This paper discusses the well-known nondeterministic polynomial time (NP) complete combinatorial and decision problems: the Boolean satisfiability (SAT) and the maximum satisfiability (Max-SAT = k-SAT) set of clauses of some literals (k variables) that can be set to true or false.
It is well known that local search algorithms are the most suitable techniques to solve hard SAT instances, since no known polynomial algorithm for these problems exists. However, local search algorithms are incomplete satisfaction search methods, which means that they cannot tell us there is no solution for a given SAT instance when such a solution doesn’t exist.

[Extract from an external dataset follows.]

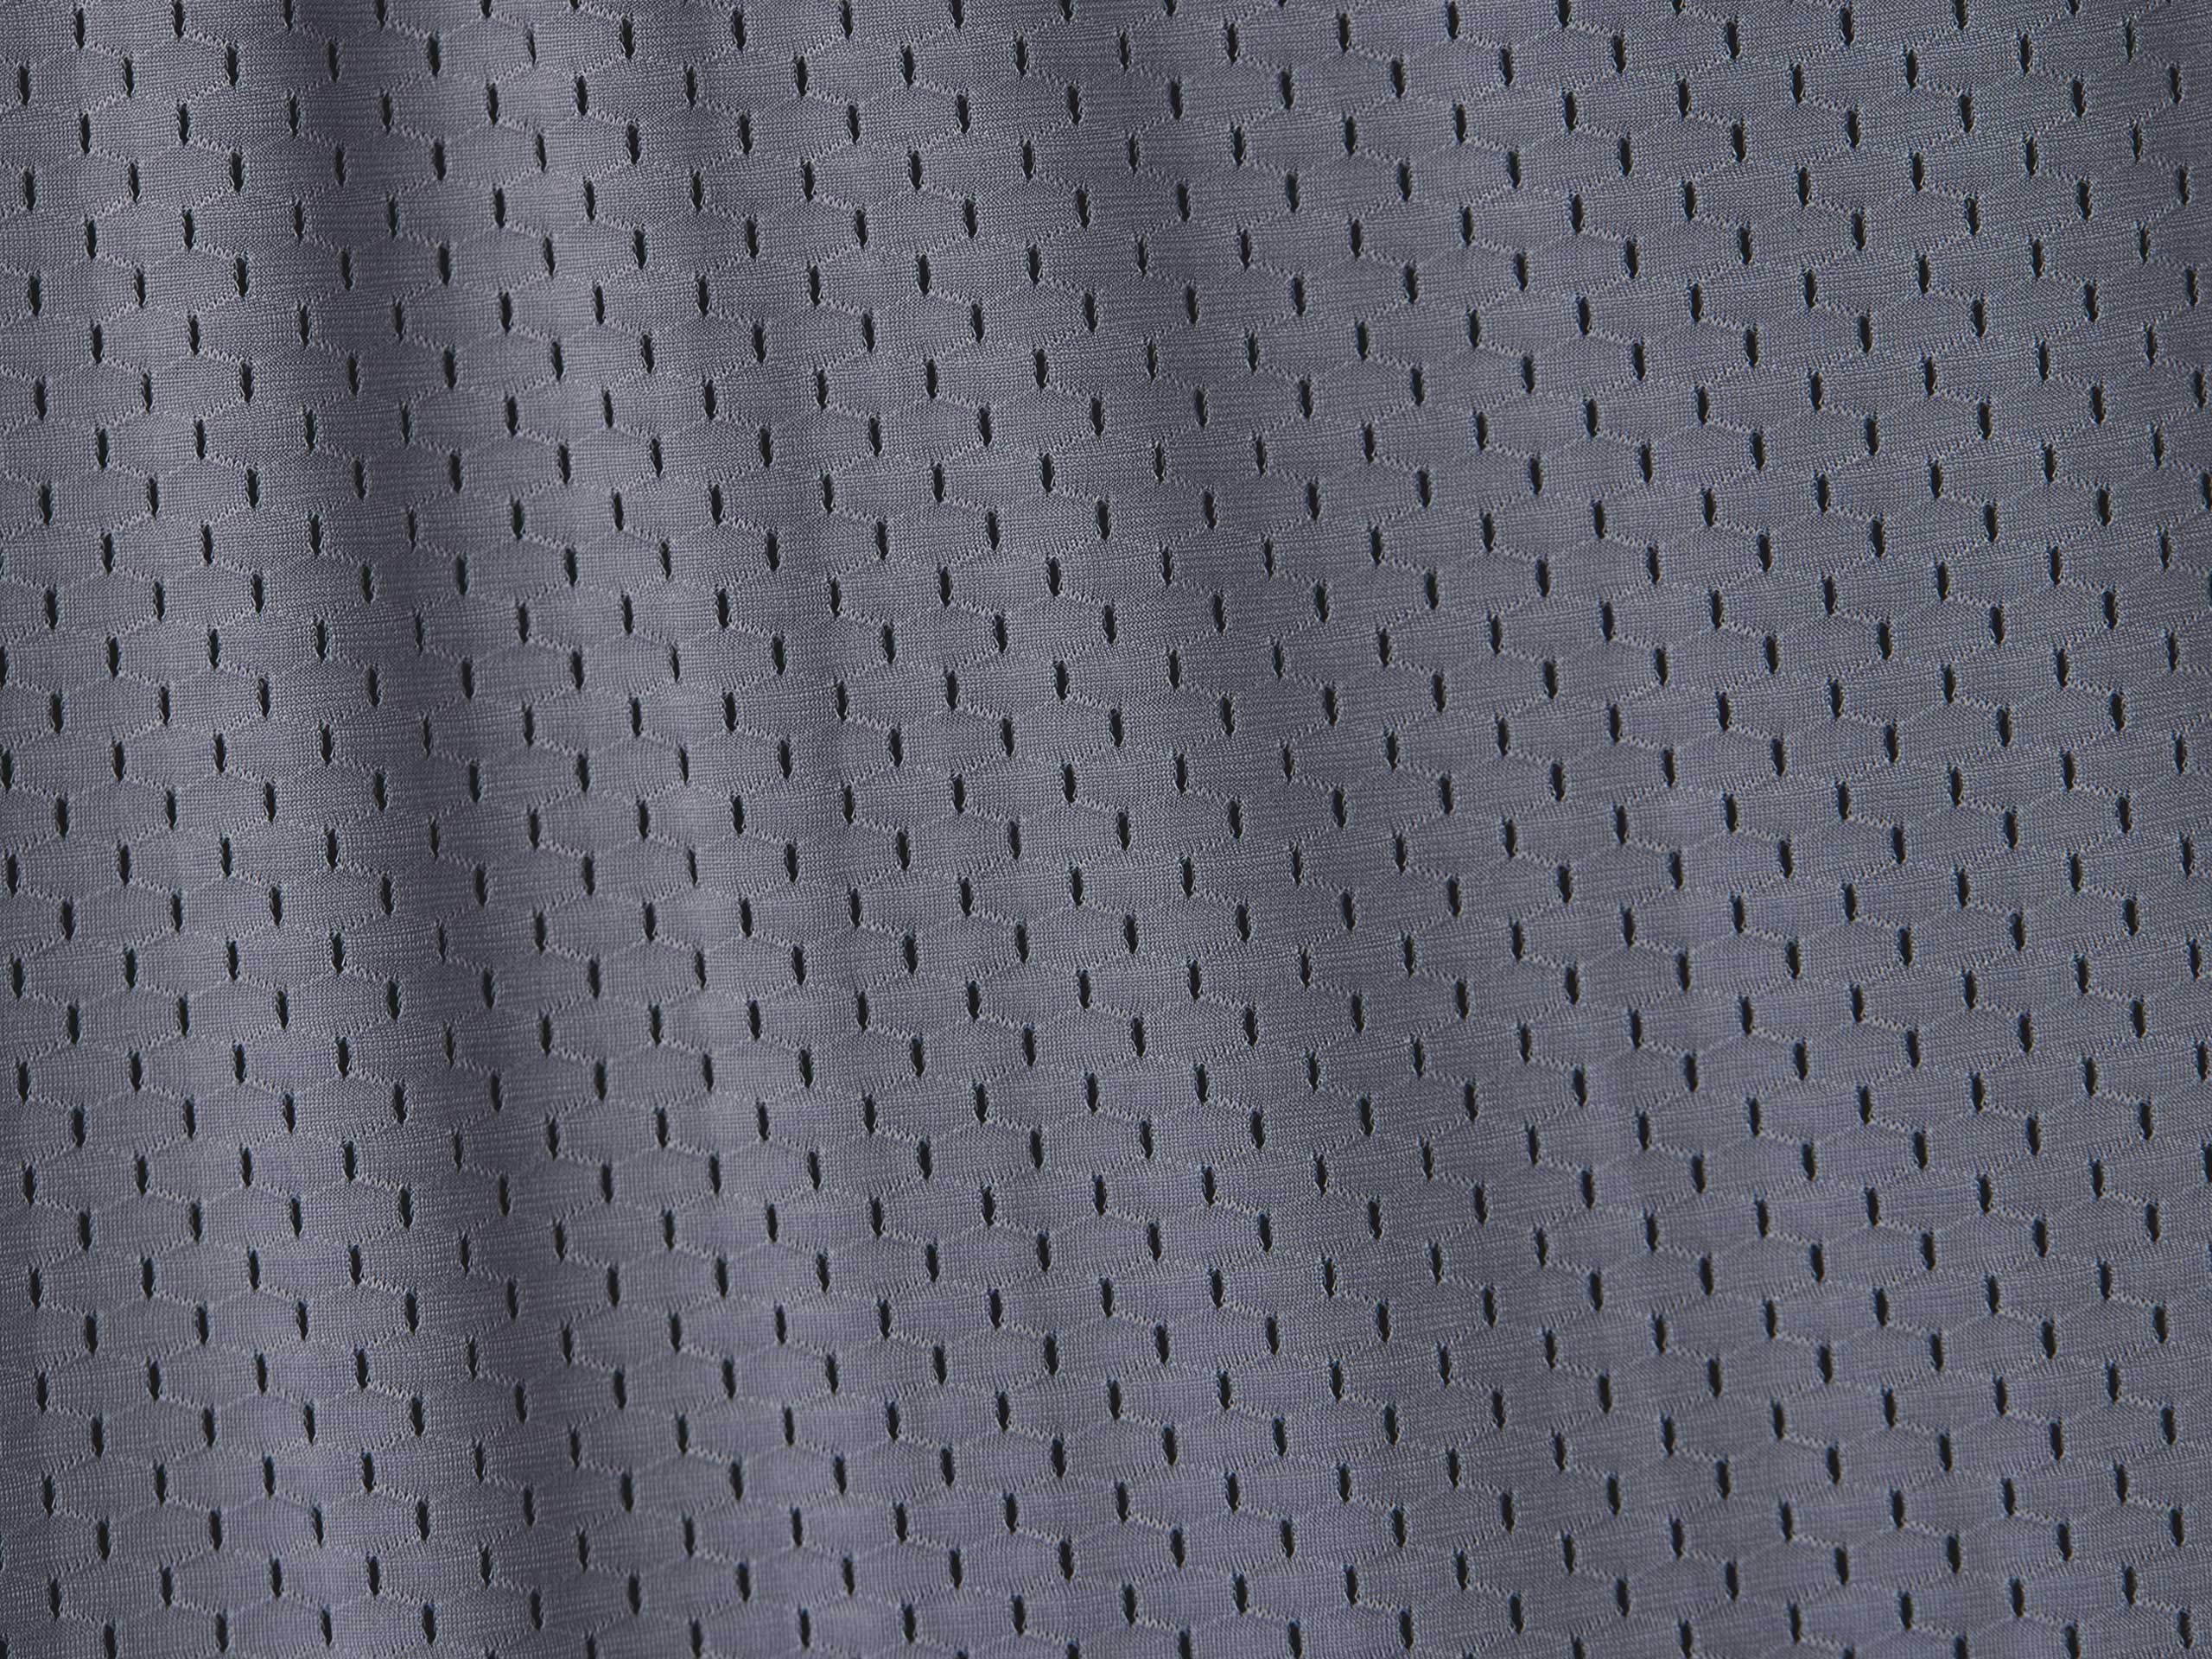 Close up detail shot of grey mesh material.

Zhang proposes a heuristic technique, called backbone-guided search, that improves the performance of the well-known local search algorithm WalkSAT, in solving large SAT instances. It allows the algorithm to reach a high quality local minimum, not very far from an optimal solution. Many experiments have been conducted to show the performance of the backbone heuristic with the WalkSAT local search algorithm to solve SAT instances. I think the author should compare his WalkSAT backbone with Tabu search, Ant techniques, and genetic algorithms, used successfully to solve hard SAT instances, to see if his approach is better than these techniques. In fact, WalkSAT is a relatively old technique to solve large SAT instances. I encourage the author to try to see how we can integrate his backbone heuristic with other optimization techniques.
The paper is well written and well structured. It is relatively easy to understand, even for a nonspecialist. I enjoyed reading this paper, and appreciate the efforts of the author to explain his ideas.